About 1953, according to Smith’s testimony, he was an automotive jobber and then formed Automotive Parts Distributors, Incorporated (APDI), as jobbers were getting together in those days and buying jointly so as to qualify for volume rebates which was the custom of most suppliers in the industry. He then heard about the Robinson-Patman Act and that was the reason that he “got out of APDI” because a Mr. Cassidy “with the Federal Trade Commission” advised him to go into a limited partnership program because “it is legal” for “we would be able to carry on a warehousing program.” Having been told that the Commission had criticized the direction and control of the group operation by jobbers, “we changed from what we had because actually under the old Co-op deal we did have a Board of Directors and [314]*314they dictated what was going on and so forth; but, under this program the jobbers wouldn’t have anything to do with it, and at the same time it would be a legal organization, * * * merchandising, selling operation, rather than a bookkeeping device.”

[313]*313For the purpose of determining the “net price” under the terms of this order, there shall be taken into account all discounts, rebates, allowances, deductions or other terms and conditions of sale by which net prices are effected.

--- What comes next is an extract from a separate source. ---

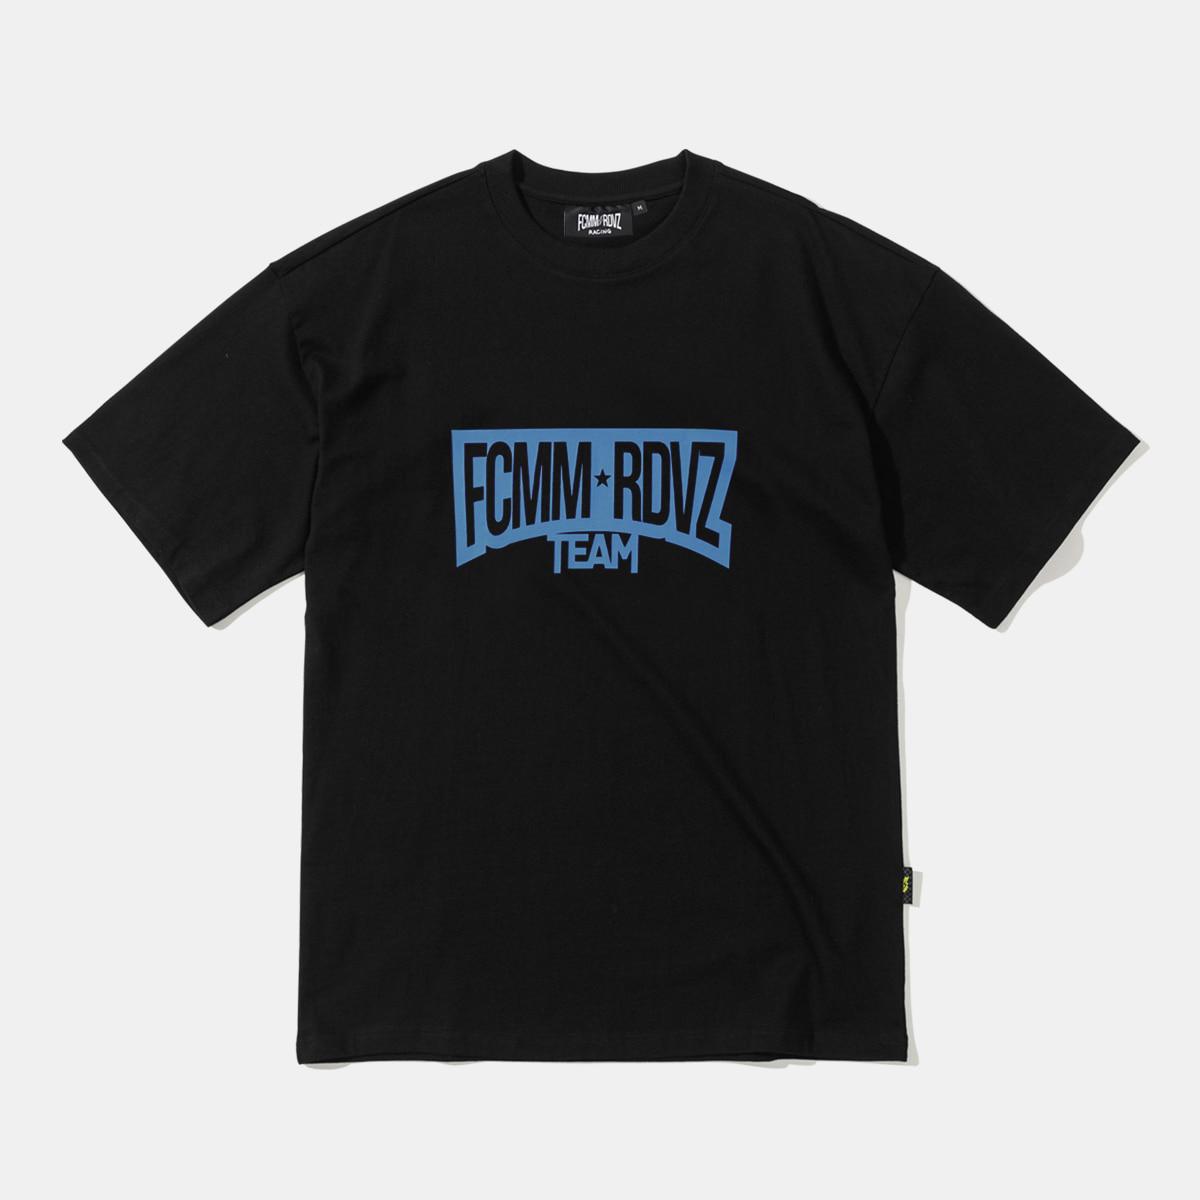 FCMM X RDVZ 레이싱 팀 티셔츠 - 블랙

[314]*314Smith testified that he notified the limited partners that as a general partner National was his operation and that they had no right to direct its control. From its inception National sold to jobbers generally, partners and non-partners alike, at the same price, but no sales at any time at the dealer level. Among exhibits in evidence is National’s letter signed by Smith on November 29, 1957, reminding the partners to use

“the NPW [National] form. It will cost you money to purchase on your own form when they have given to your warehouse the following discount :
Non-stocking jobber 20%
Stocking jobber 30%
In other words, you get the full jobber price of 30% less another 10% that the warehouse makes. Please cheek with your buyer on this as I understand that some of the Partners have been ordering on their own form and losing this discount.”